На последних остатках топлива «Буйный» нагнал «Дмитрия Донского», задержав его сигналом: «Просим остановиться». На мостике крейсера реяла рыжая бородища командира – Лебедева.
– Что еще там стряслось? – зычно вопросил он без рупора.
– Машины – вдрызг, котлы засолились, угля – на лопате…
После короткого совещания решили: команду миноносца заберет крейсер, после чего Лебедев указал штурману:
– Отметьте координаты и время. По «Буйному», господи благослови и прости ты нас, грешных, – огонь!
Эсминец, вздрагивая от попаданий, никак не желал тонуть от своих же снарядов, его трудная кончина задержала крейсер в семидесяти милях к югу от Дажелета. Затем «Дмитрий Донской» набрал ход, но ближе к вечеру вокруг крейсера возникло множество дымовых шлейфов, скоро проступили и очертания японских кораблей… Коковцев спросил каперанга Лебедева:
– Иван Николаич, а сколько еще до Владивостока?
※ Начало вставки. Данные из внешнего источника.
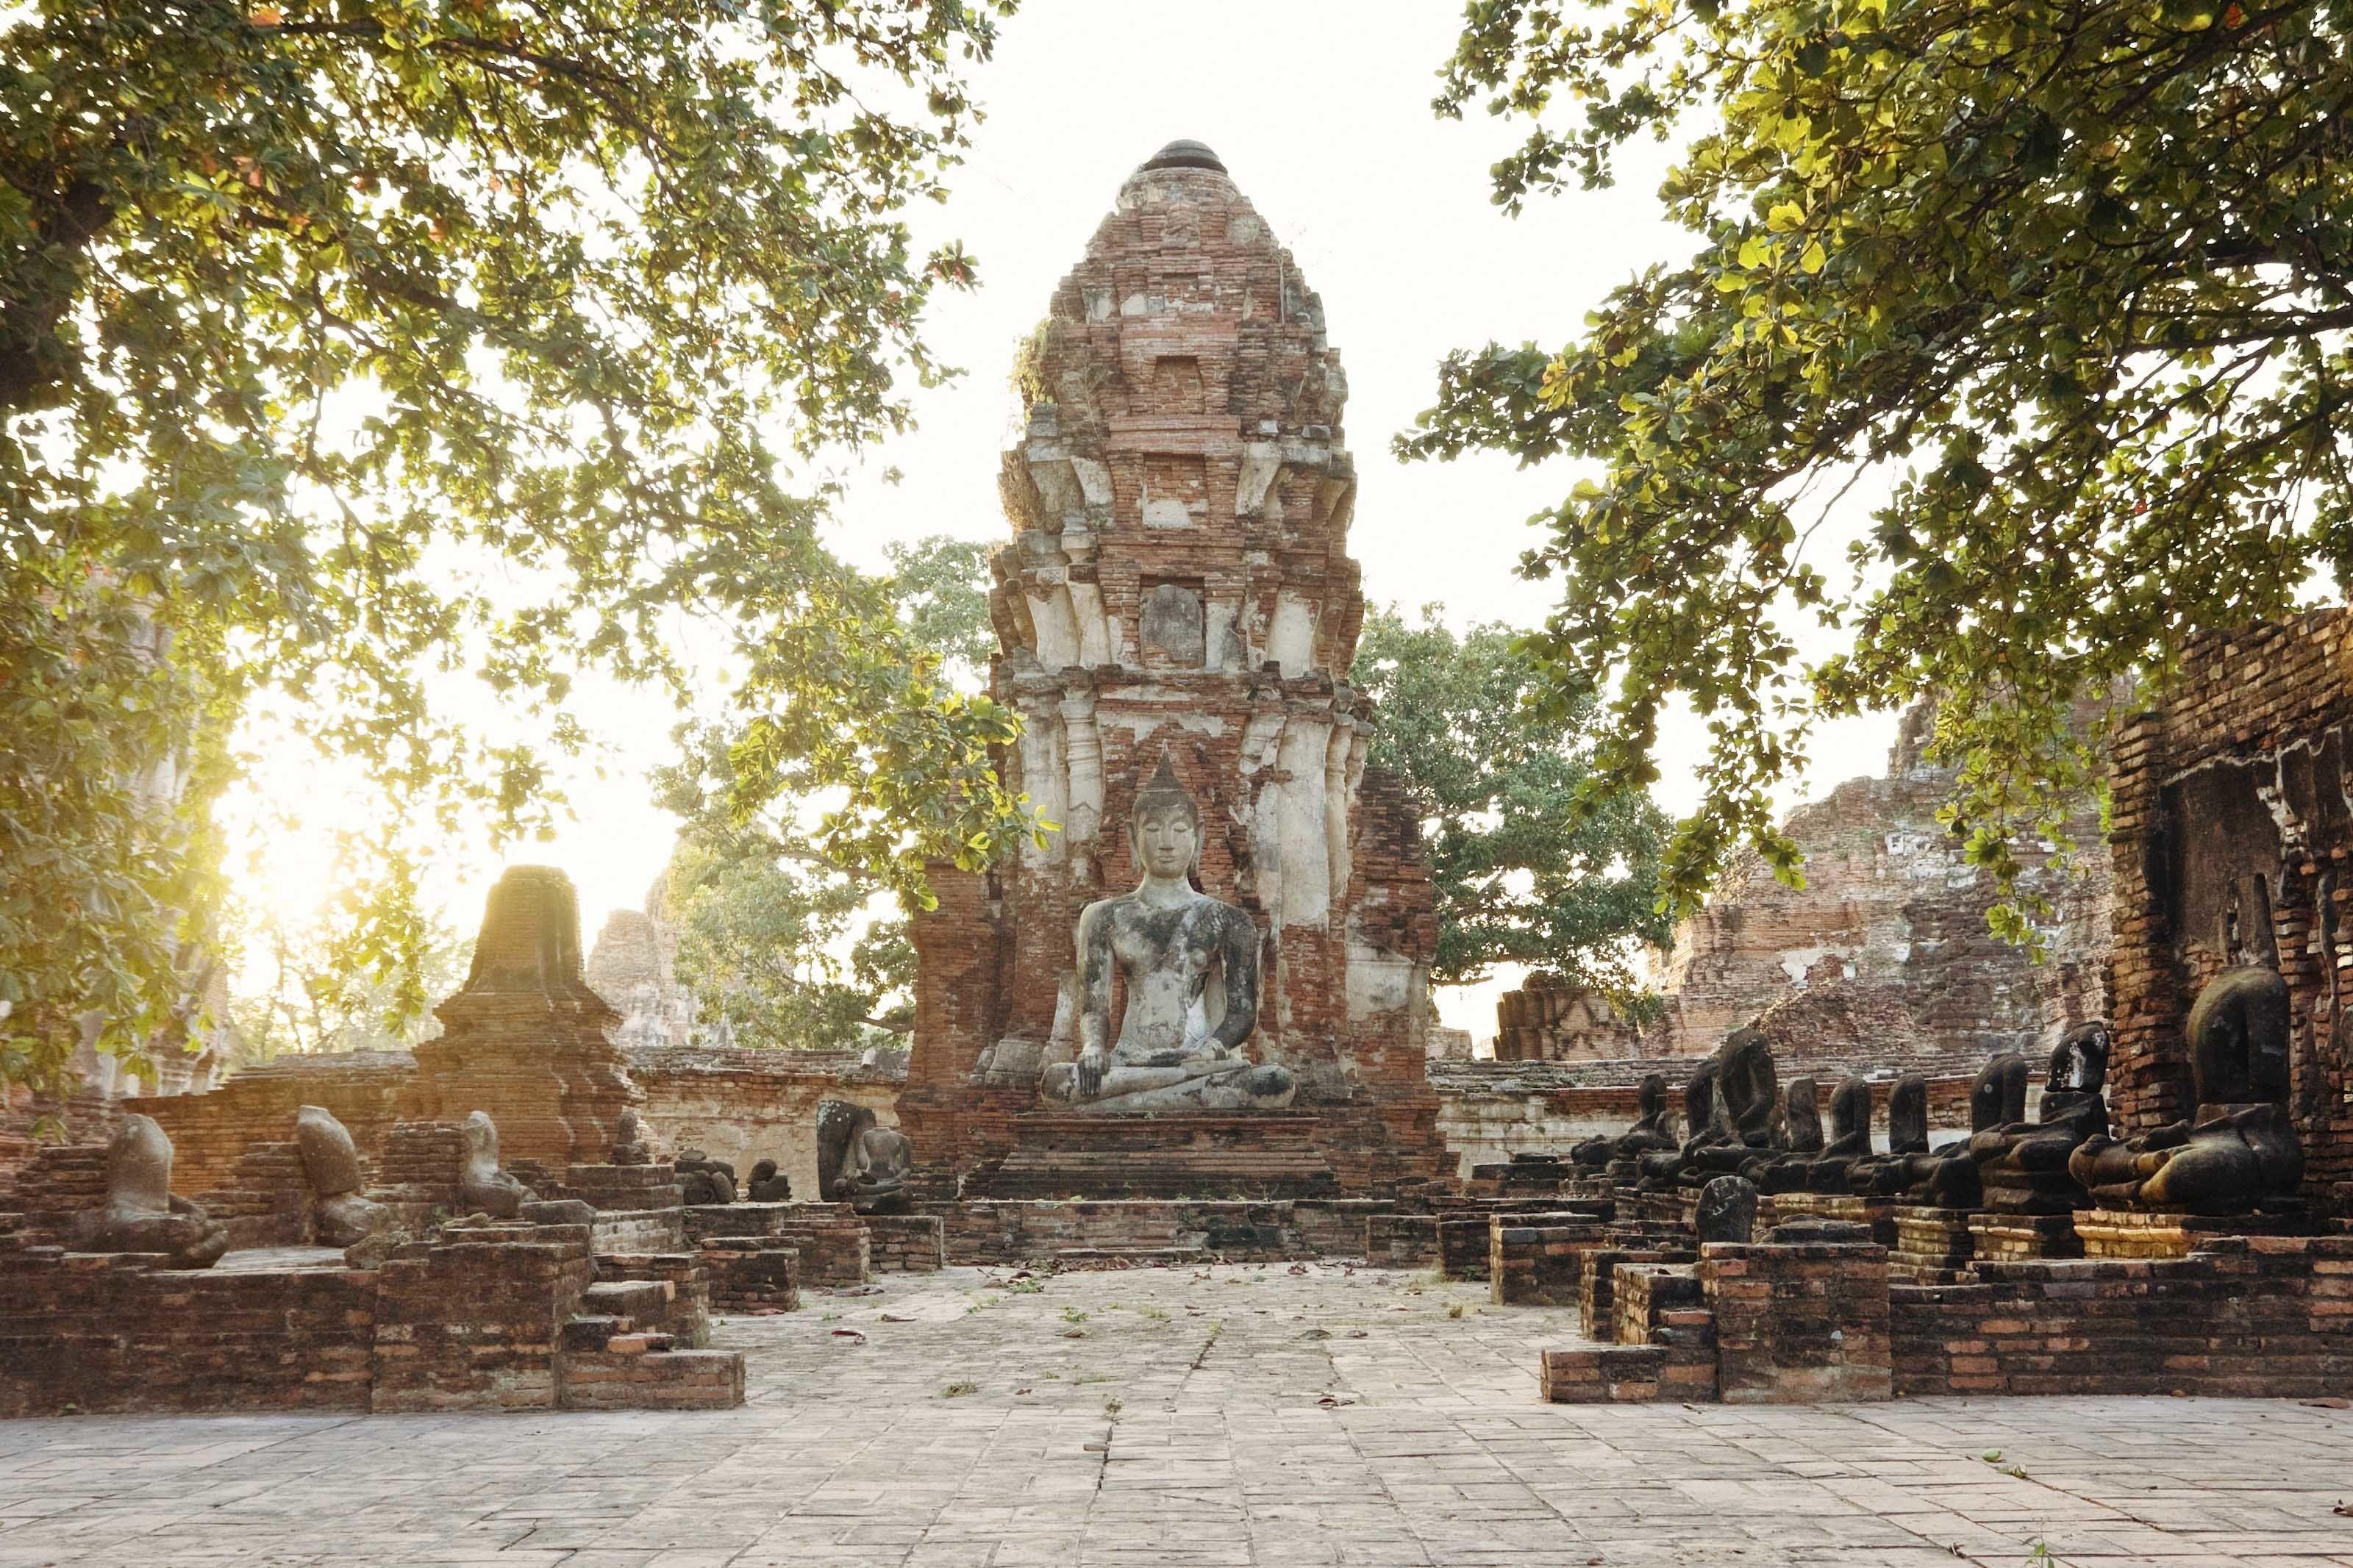 Explore Ayutthaya & Bangkok by Bicycle

– Миль триста… если ничего не случится.
– Так уже случилось, – ответил Коковцев.
Он спустился в лазарет, чтобы сменить перевязку.
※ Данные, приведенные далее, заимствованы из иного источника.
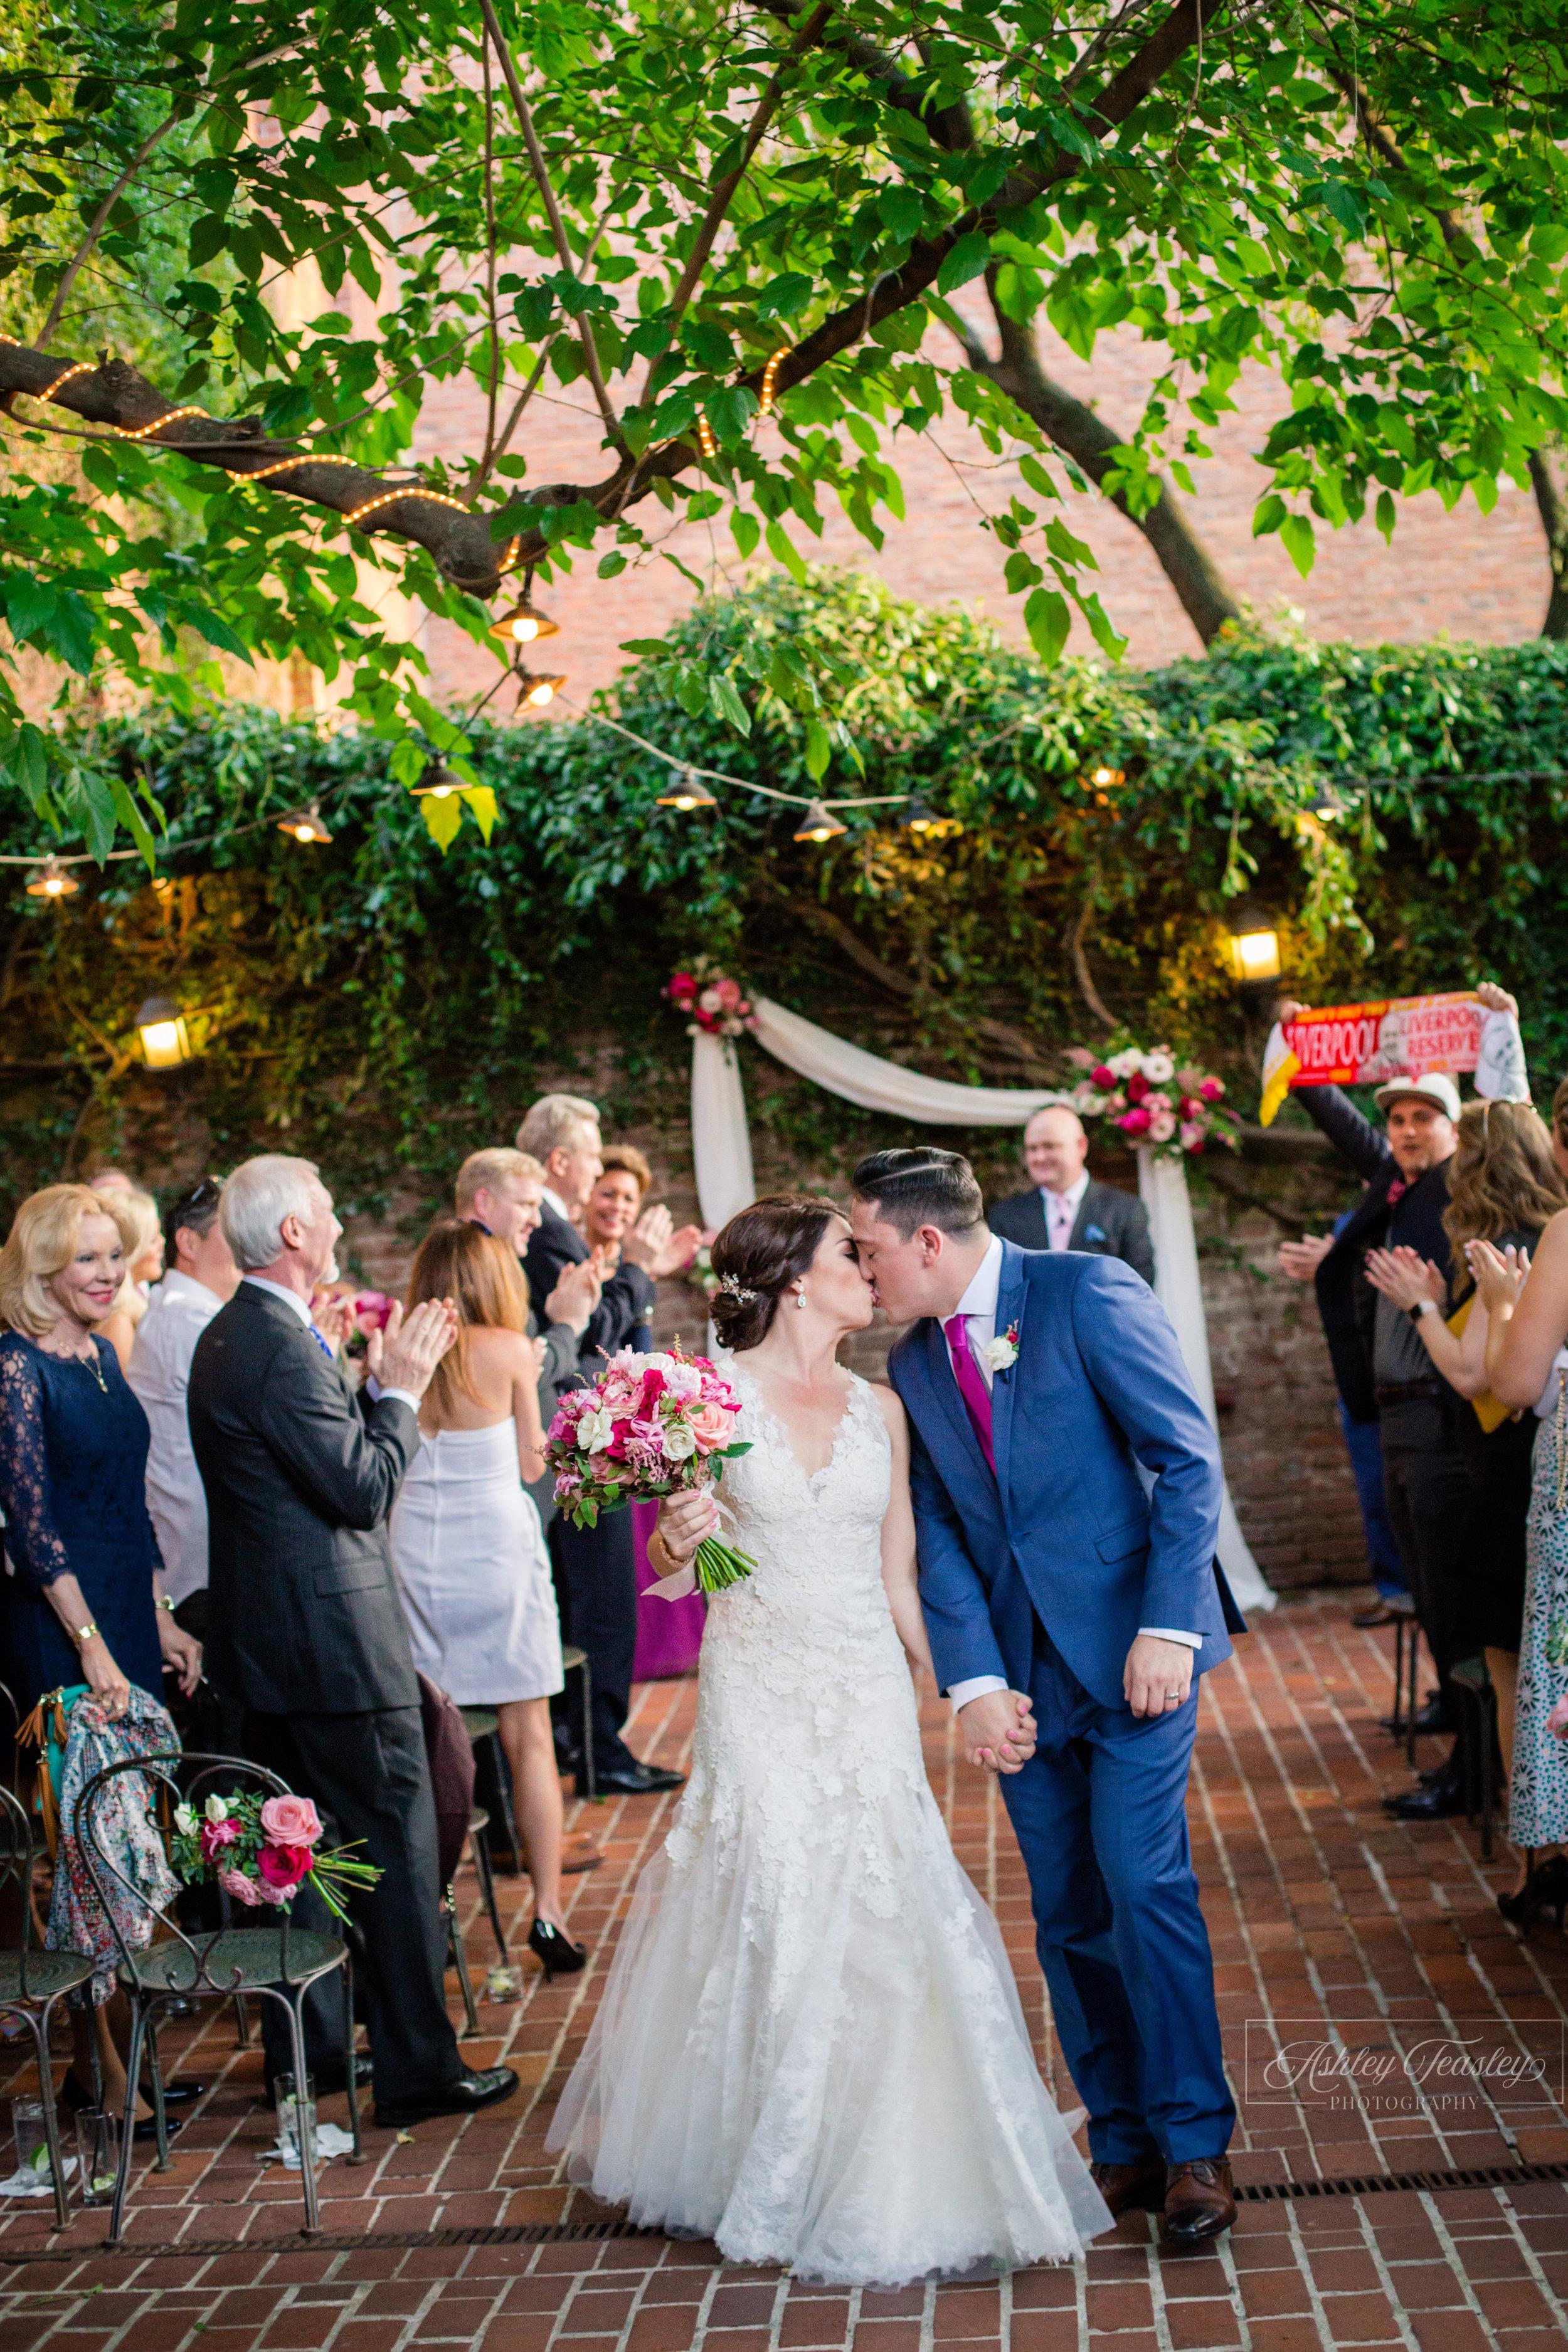 Tarrah & Francisco - The Kimpton Sawyer Hotel - The Firehouse Old Sac - Sacramento Wedding Photographer - Ashley Teasley Photography (395 of 425).jpg

– Что веселого? – спросил врач, кивая на потолок.
– Дымы.
– Много?
– Четыре крейсера и, кажется, отряд миноносцев.
– Вам бы лучше остаться в лазарете и полежать.
– Благодарю. Что лежа, что стоя – один черт…
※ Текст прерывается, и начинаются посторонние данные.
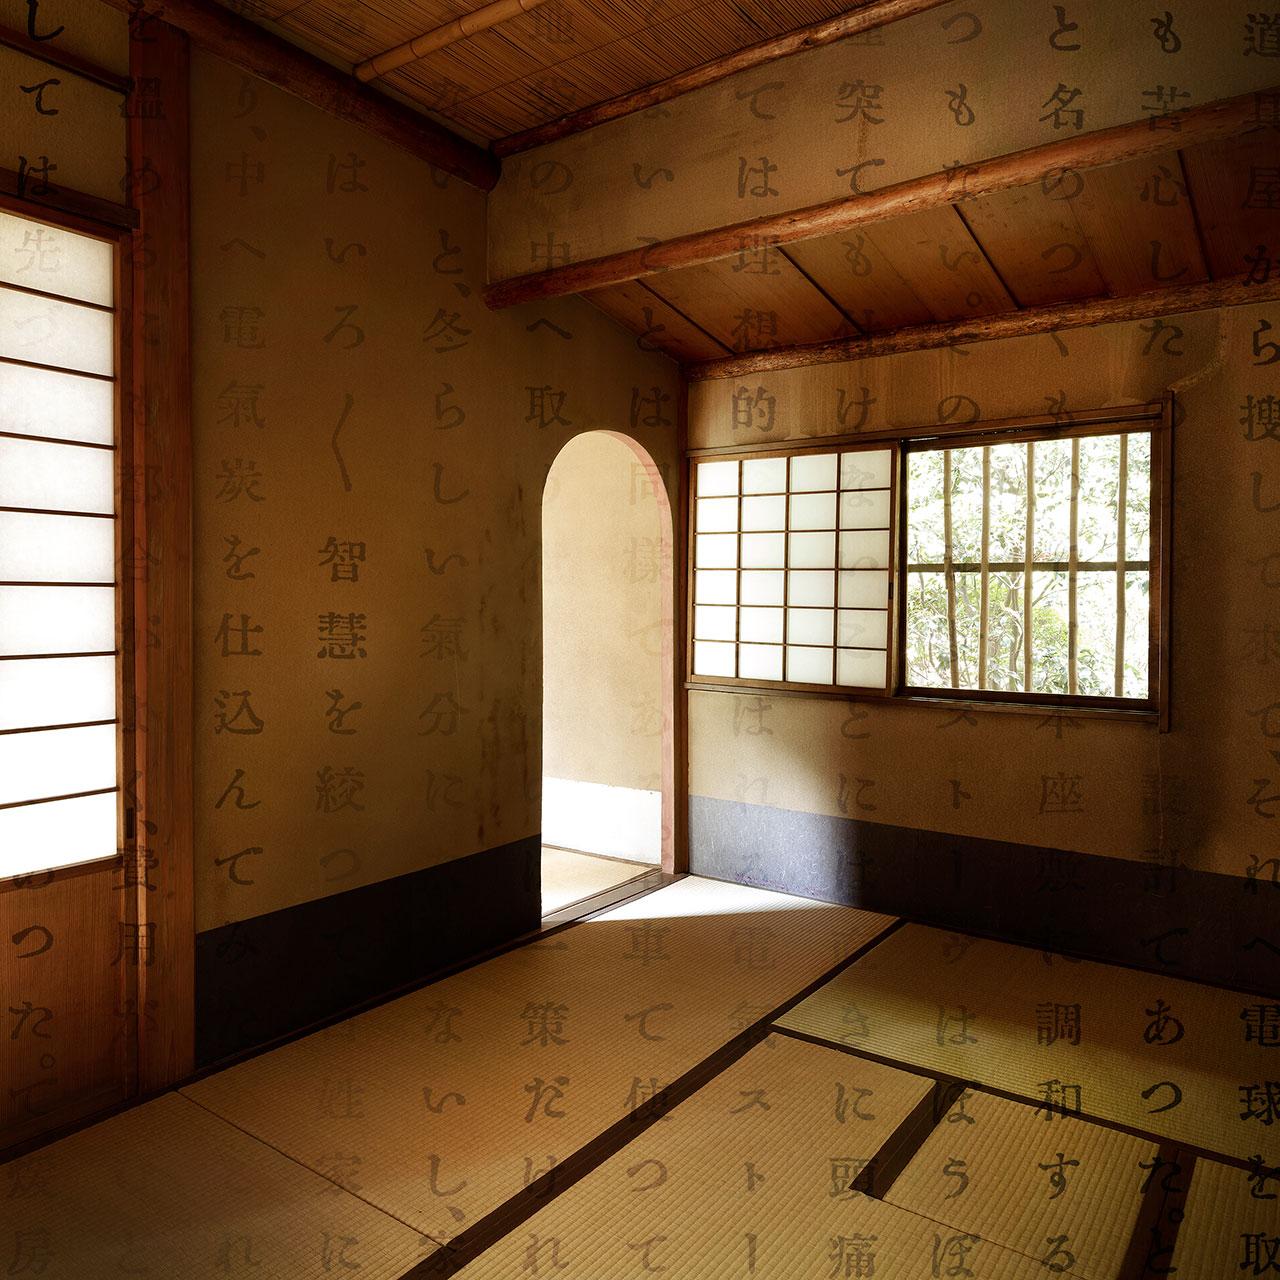 Inês d'Orey,Kosaka House #1.1938, Satagaya. 80x80cm. Photographic Fine Art Print.

Когда он, хромая, выбрался из лазарета, старший офицер Блохин сообщил, что появились еще два крейсера:
– Честь имеем: противу нас вся эскадра Уриу.
Настигая русский крейсер, японский адмирал Уриу расцветил свои мачты сигналом: АДМИРАЛ НЕБОГАТОВ СДАЛСЯ.
– Огонь! – скомандовал Лебедев, и порыв горячего воздуха распушил его бороду, словно веник.
Погоня за одиноким крейсером длилась до позднего вечера, когда по левому траверзу «Донского» обрисовались контуры мрачной и нелюдимой скалы Дажелета. Уриу вызвал по радио от берегов Кореи еще два крейсера, еще два эсминца. Забежав на пересечку курса, они захлопнули то крохотное «окошко», через которое корабль устремлялся к Владивостоку. Но пока еще не стемнело совсем, Уриу поднял второй сигнал, чтобы русские знали: РОЖЕСТВЕНСКИЙ ТОЖЕ В ПЛЕНУ. ПРЕДЛАГАЕМ ВАМ СДАТЬСЯ.